When you ask Claude to rename a variable, it answers in 0.3 seconds. When you ask it to refactor a complex module, it thinks for ten seconds before acting. Add `ultrathink` to your message, and it spends even longer crafting a more rigorous plan. Sometimes you even see it "consulting" a stronger model. How does Claude Code switch between "quick answer" and "deep thought"? What mechanisms drive this behind the scenes?

---

> **[Chart placeholder 2.19-A]**: Hierarchy diagram — from Effort to Ultrathink to Advisor, the three-layer thinking-depth control (persistent default → temporary boost → external review)

## You Might Think...

"It's probably just up to the model, right?
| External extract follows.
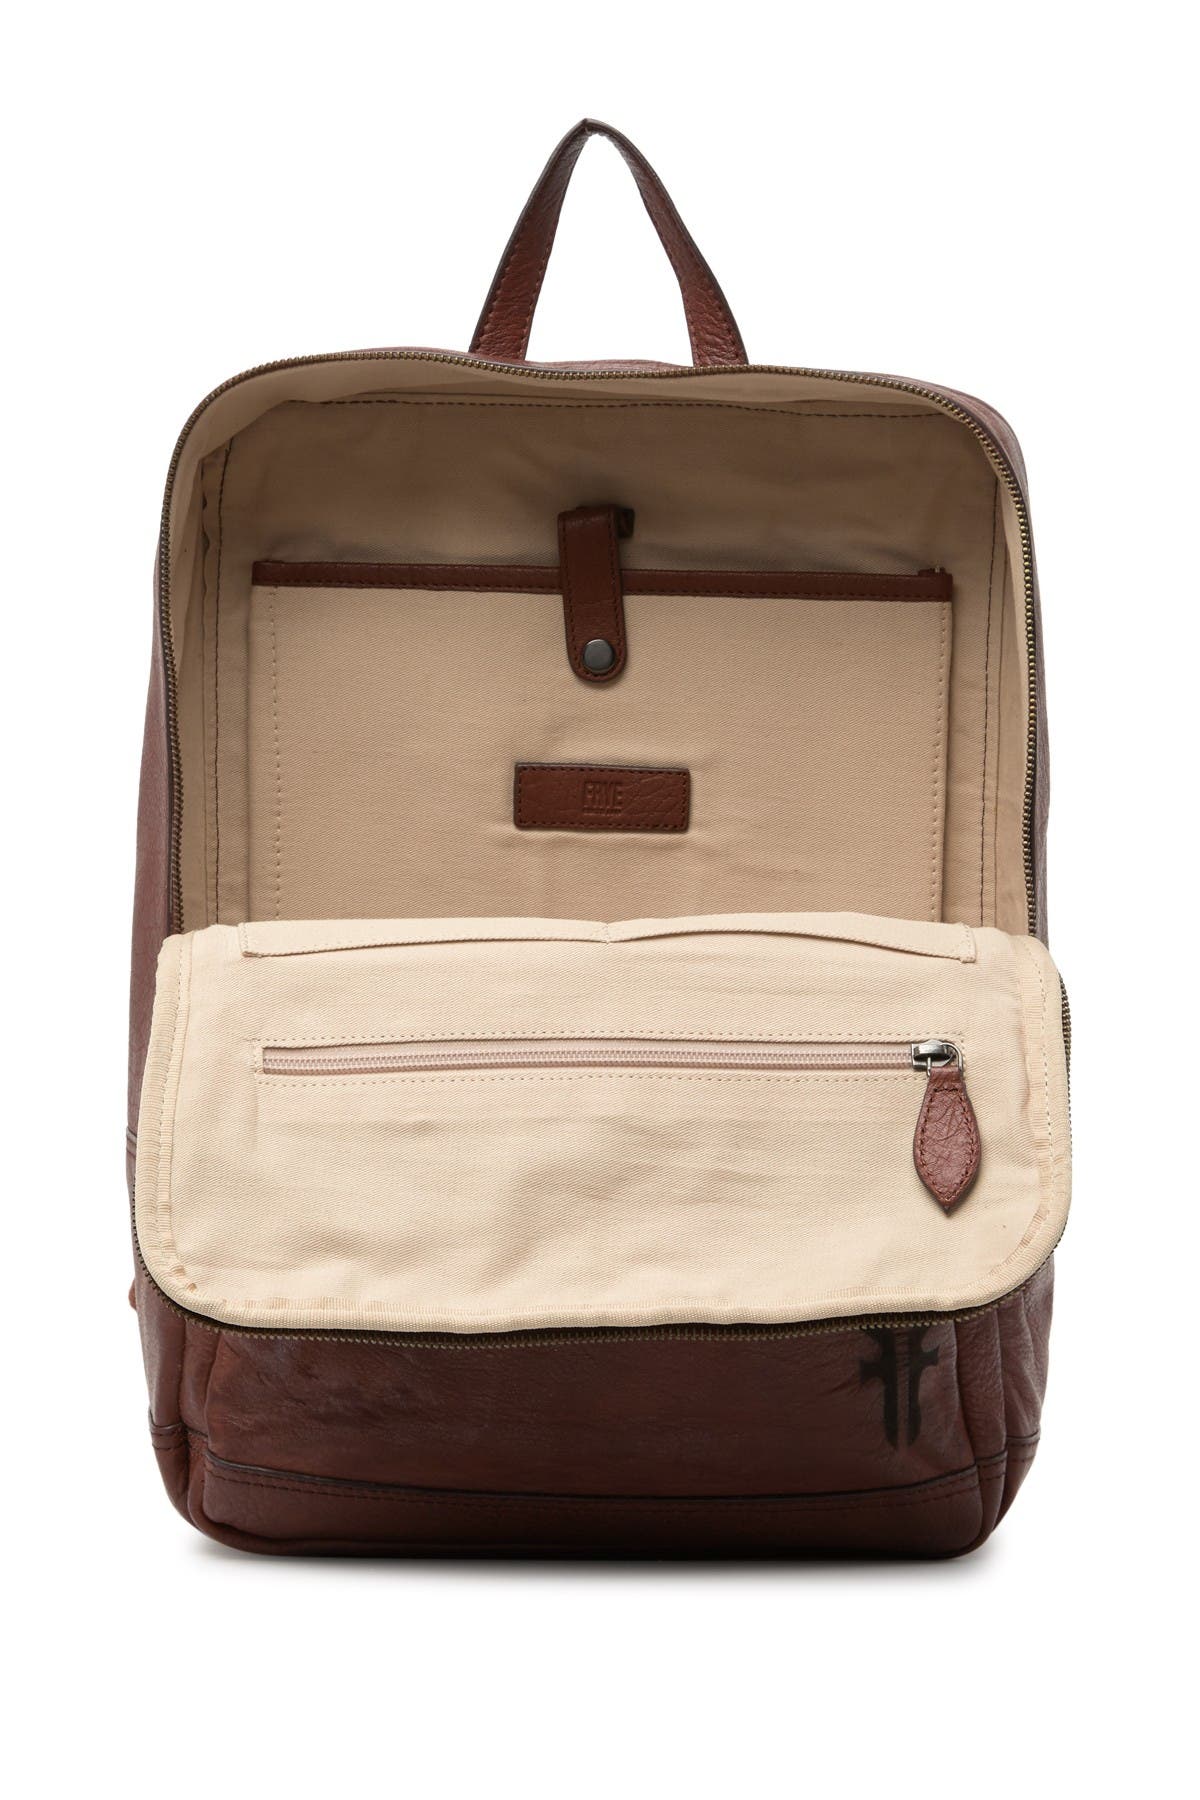 Frye | Leather Backpack | Nordstrom Rack

Simple questions get less thought, complex ones get more." You might reason by analogy to humans: 1+1 gets an instant answer, but a differential equation takes careful work.

---

## How It Actually Works

In Claude Code, "how deep to think" is decomposed into **three independent mechanisms**, each with different control granularity, trigger conditions, and cost profiles:

1. **Effort** — a persistent "default gear," like a car's driving modes (Eco / Normal / Sport / Track)
2. **Ultrathink** — a temporary "turbo boost," triggered by adding a single keyword to one message
3. **Advisor** — "get a second brain to review," calling a stronger model to check the current model's work

### Section 1: Effort — A Four-Speed Transmission

> 📚 **Course Connection**: The essence of the Effort mechanism is an application of **operating systems** resource scheduling—like Linux's `nice` value controlling process priority, or mobile OS "power-saving/performance modes" regulating CPU frequency. By selecting an Effort gear, the user tells the system "how much compute I'm willing to spend on this task," and the system adjusts the thinking-token budget accordingly. It also maps the **computer architecture** concept of DVFS (dynamic voltage and frequency scaling) to the AI inference layer.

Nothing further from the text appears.